Last updated: June 2026 · 12 min read · Data from 7,485 tracked pre-foreclosure filings across 7 San Antonio-metro counties

San Antonio is Texas's most affordable major metro — and that affordability has drawn a wave of new buyers, investors, and builders. The flip side: 7,485 active pre-foreclosure filings across Bexar, Comal, Guadalupe, and surrounding counties. For investors, wholesalers, and agents, San Antonio offers below-average entry prices, above-average rental demand (driven by military bases and healthcare), and motivated sellers who need solutions fast. This guide covers exactly how to find, analyze, and acquire pre-foreclosure deals in the San Antonio metro, with live data from the Texas Signals database.

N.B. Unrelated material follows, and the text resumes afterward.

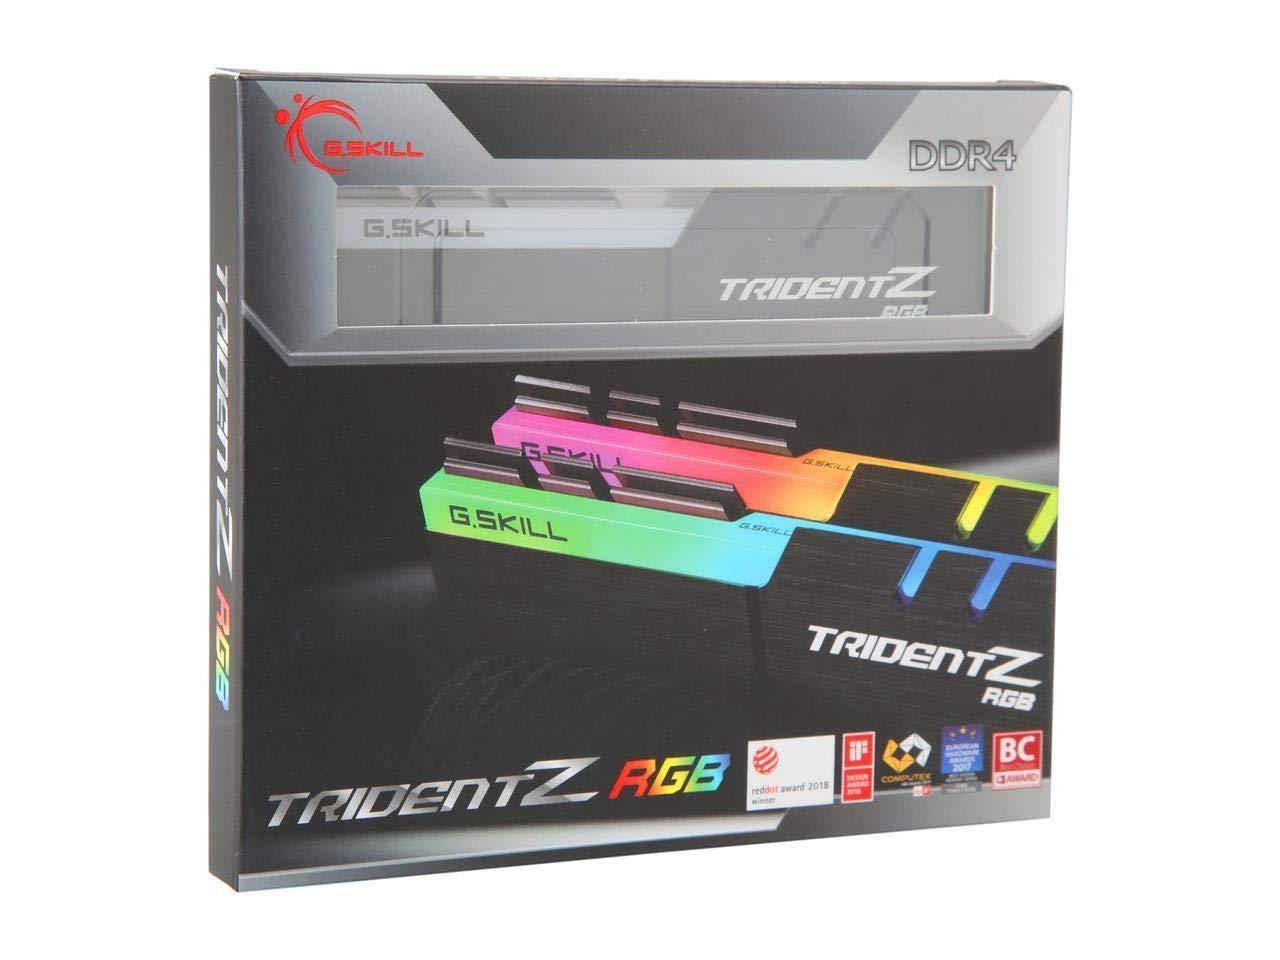 G.Skill TridentZ RGB Series 32GB (2 x 16GB) 288-Pin DDR4 SDRAM DDR4 3000 (PC4 24000) Desktop Memory F4-3000C16D-32GTZR

What Is a Pre-Foreclosure (and Why San Antonio Has So Many)

A pre-foreclosure is the period between a homeowner defaulting on their mortgage and the property being sold at a trustee sale. In Texas, this window is typically 60 to 120 days — much shorter than the 6-12 months you get in judicial foreclosure states like New York or New Jersey. That compressed timeline creates urgency for both sellers and buyers.

San Antonio's pre-foreclosure volume is driven by a unique set of factors:

  • Military transition: San Antonio is “Military City, USA” — home to Joint Base San Antonio (Lackland, Randolph, Fort Sam Houston). PCS orders, deployments, and military separations create constant turnover. Some service members bought with VA loans at peak prices and now face relocation with negative equity.
  • Low-income workforce stress: San Antonio's median household income ($58K) is well below Austin ($85K) and Dallas ($65K). When insurance and property taxes rise, the margin for error is thinner. A $200/month increase can push a family from current to delinquent.
  • Insurance escalation: severe hail events in 2024-2025 pushed insurance premiums up 20-35% in northwest Bexar County, adding $150-300/month to carrying costs.
  • Suburban overbuilding: rapid development along the I-35 corridor (New Braunfels, Schertz, Cibolo) and the Loop 1604/Potranco Road corridor created inventory that outpaced demand. Some 2021-2023 buyers are underwater.
  • Property tax burden: Bexar County property tax rates average 2.3-2.5% of assessed value. Combined with rising appraisals, tax bills have jumped 15-25% for many homeowners.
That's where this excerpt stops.